§ What the task asks:
Everything in the listing below must be set down again exactly, apart from the pictures.

§ Supplied material:
----

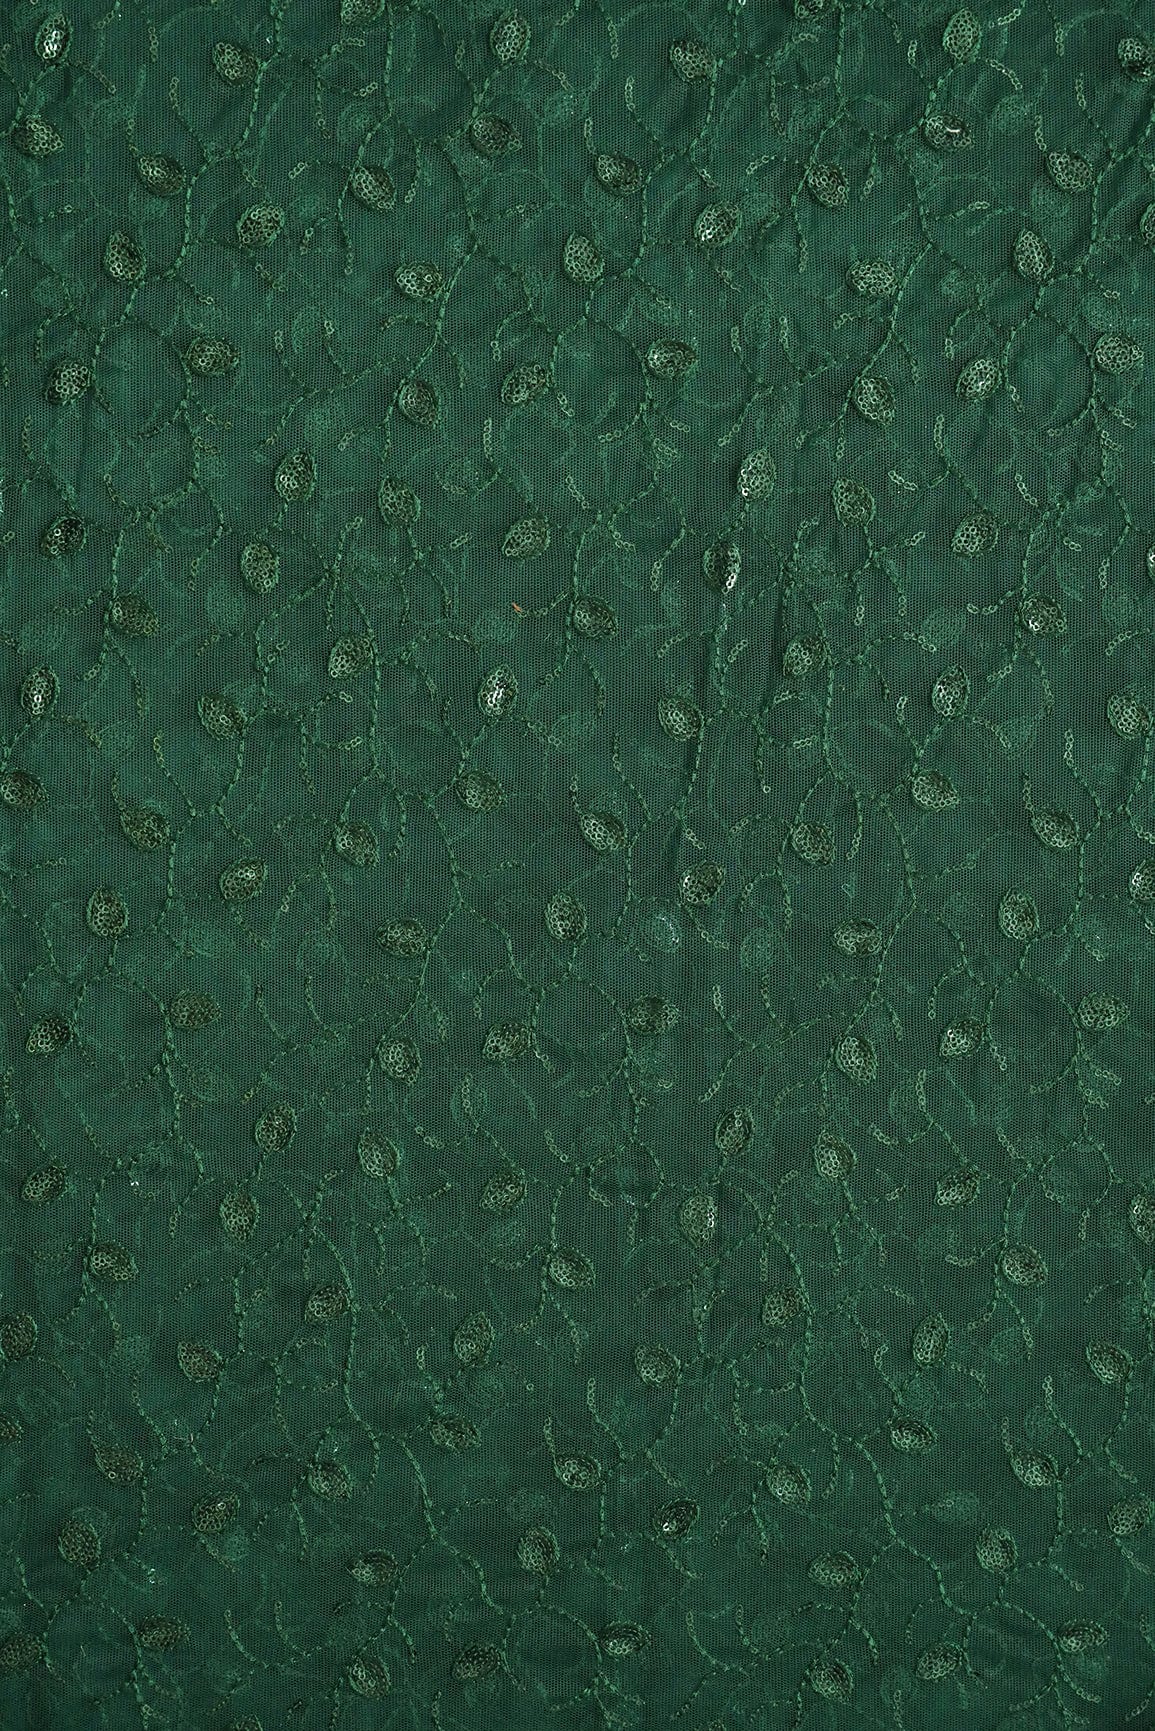 doeraa Embroidery Fabrics Green Sequins With Green Thread Leafy Embroidery Work On Bottle Green Soft Net Fabric
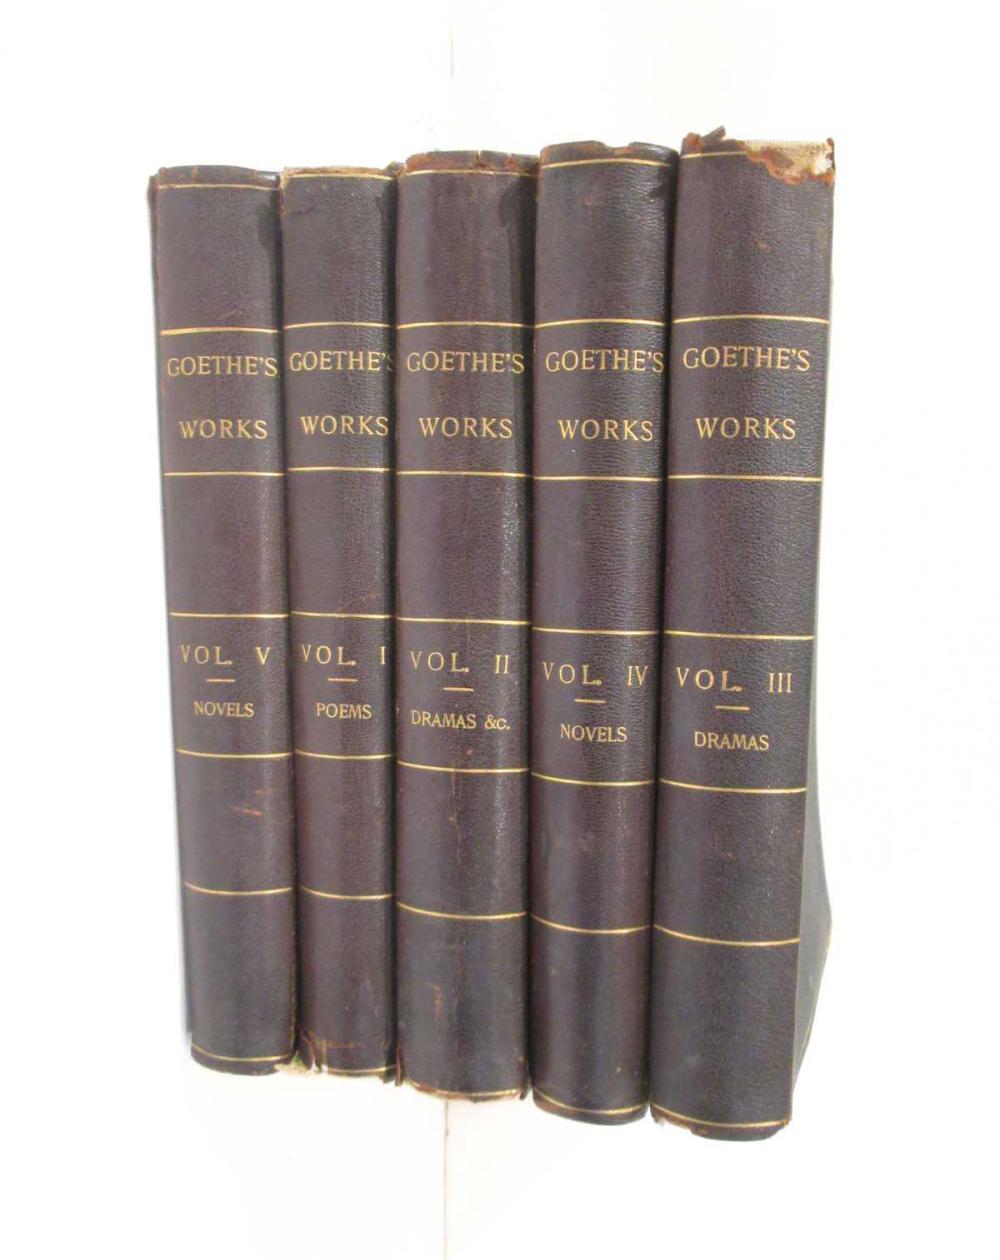 COLLECTIBLE BOOKS GOETHE S WORKS  315731
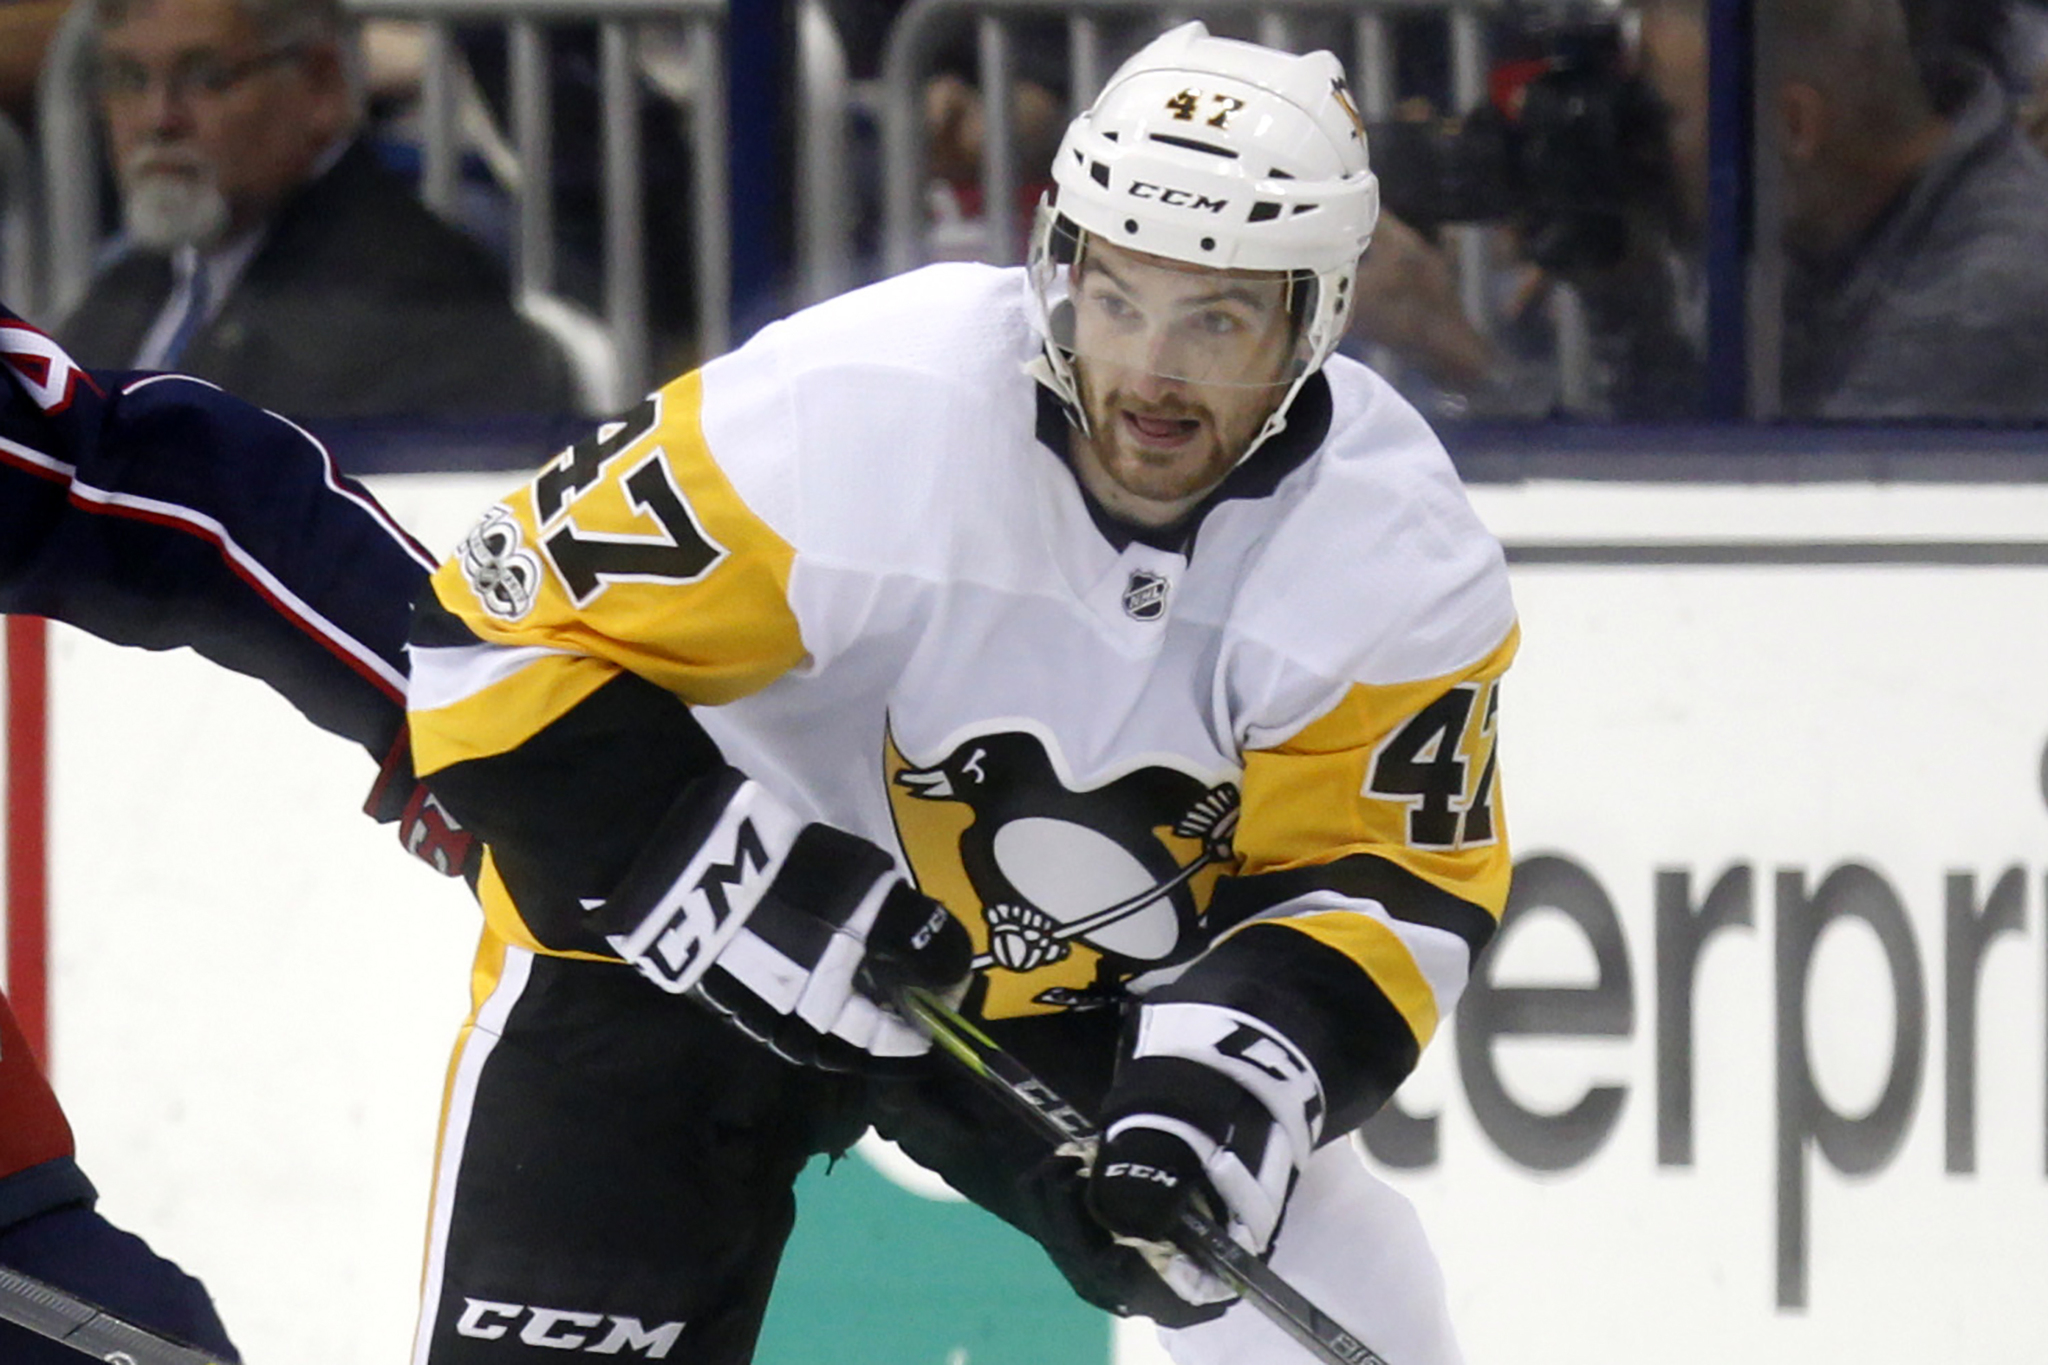 Pittsburgh Penguins forward Adam Johnson in action during an NHL hockey game in Columbus
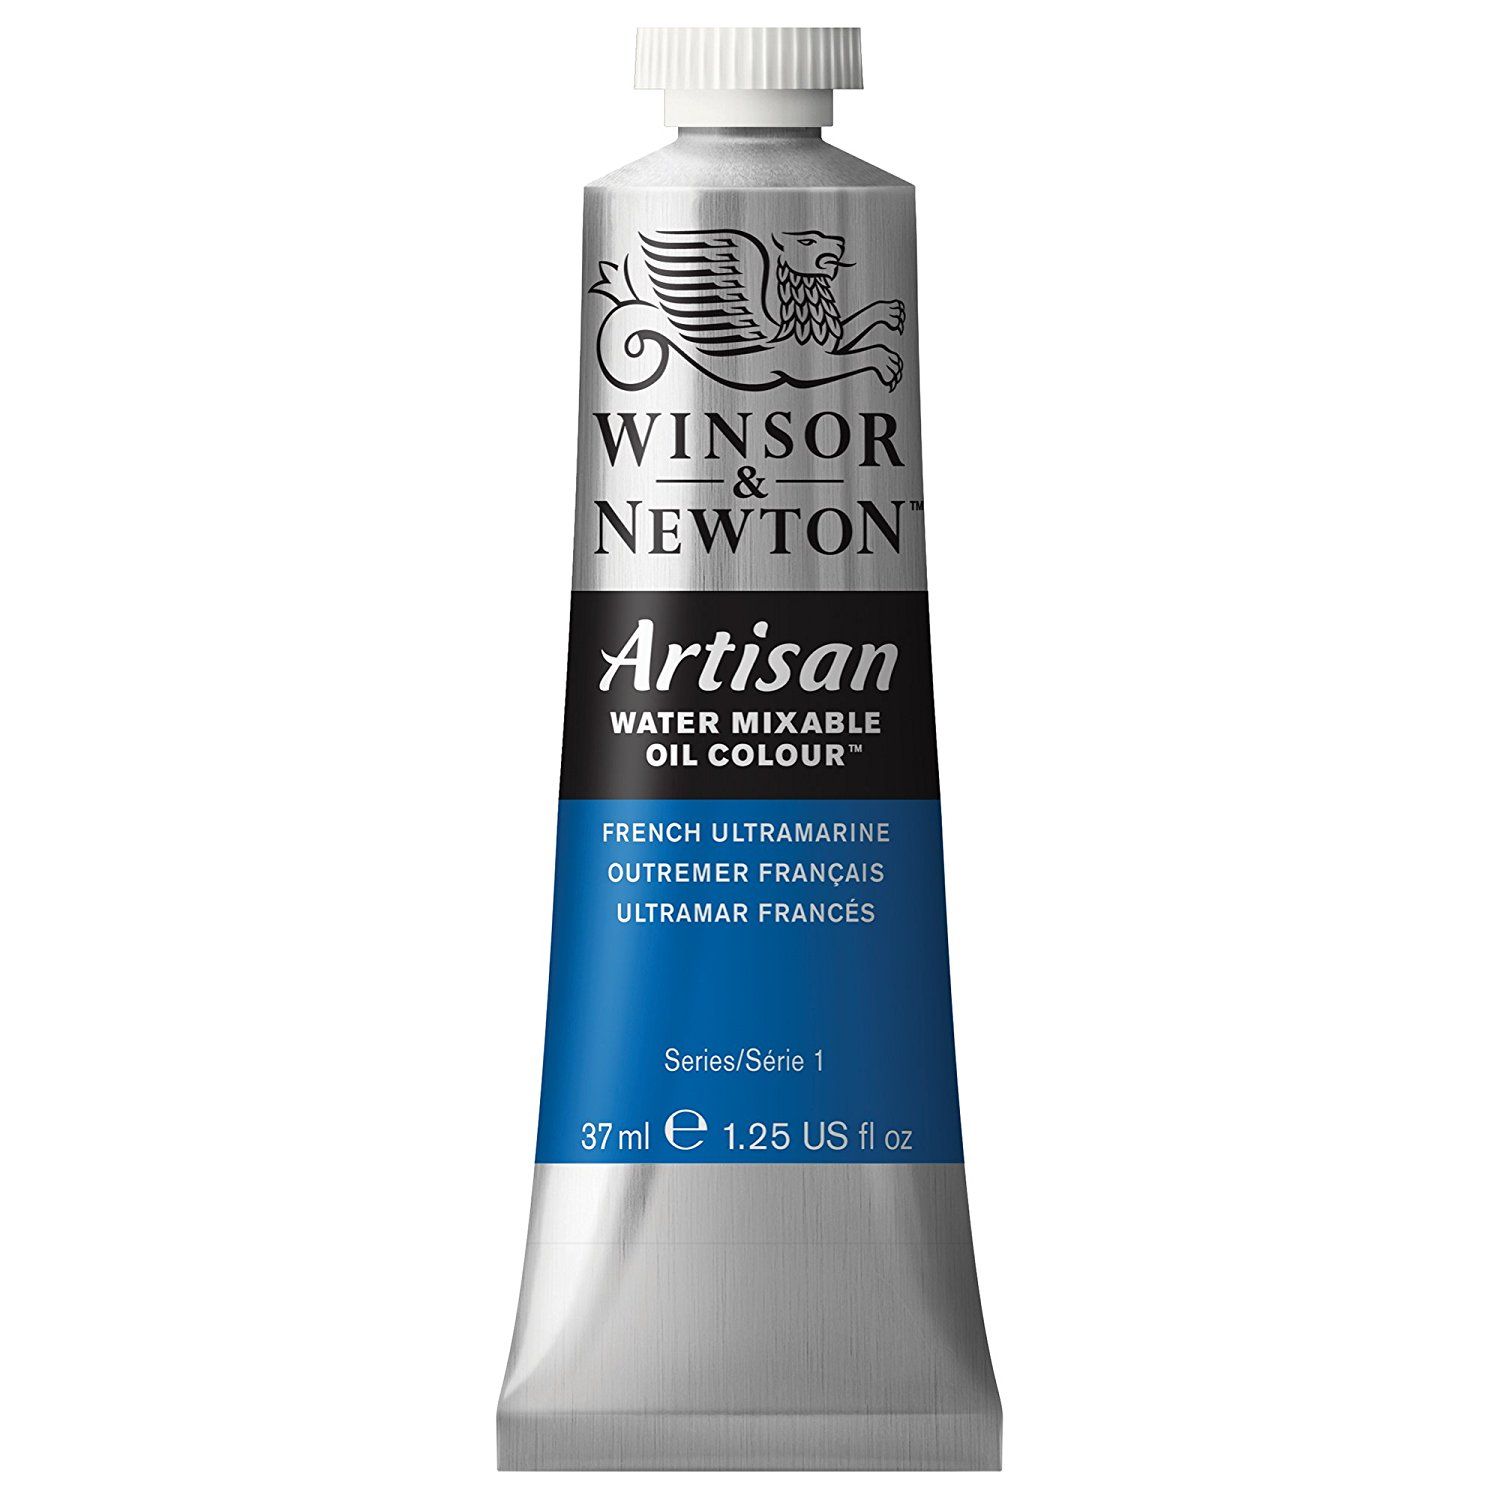 Artisan Water Mixable Oil - French Ultramarine 37ml

----

§ Exercise result:
 doeraa Embroidery Fabrics Green Sequins With Green Thread Leafy Embroidery Work On Bottle Green Soft Net Fabric
 COLLECTIBLE BOOKS GOETHE S WORKS  315731
 Pittsburgh Penguins forward Adam Johnson in action during an NHL hockey game in Columbus
 Artisan Water Mixable Oil - French Ultramarine 37ml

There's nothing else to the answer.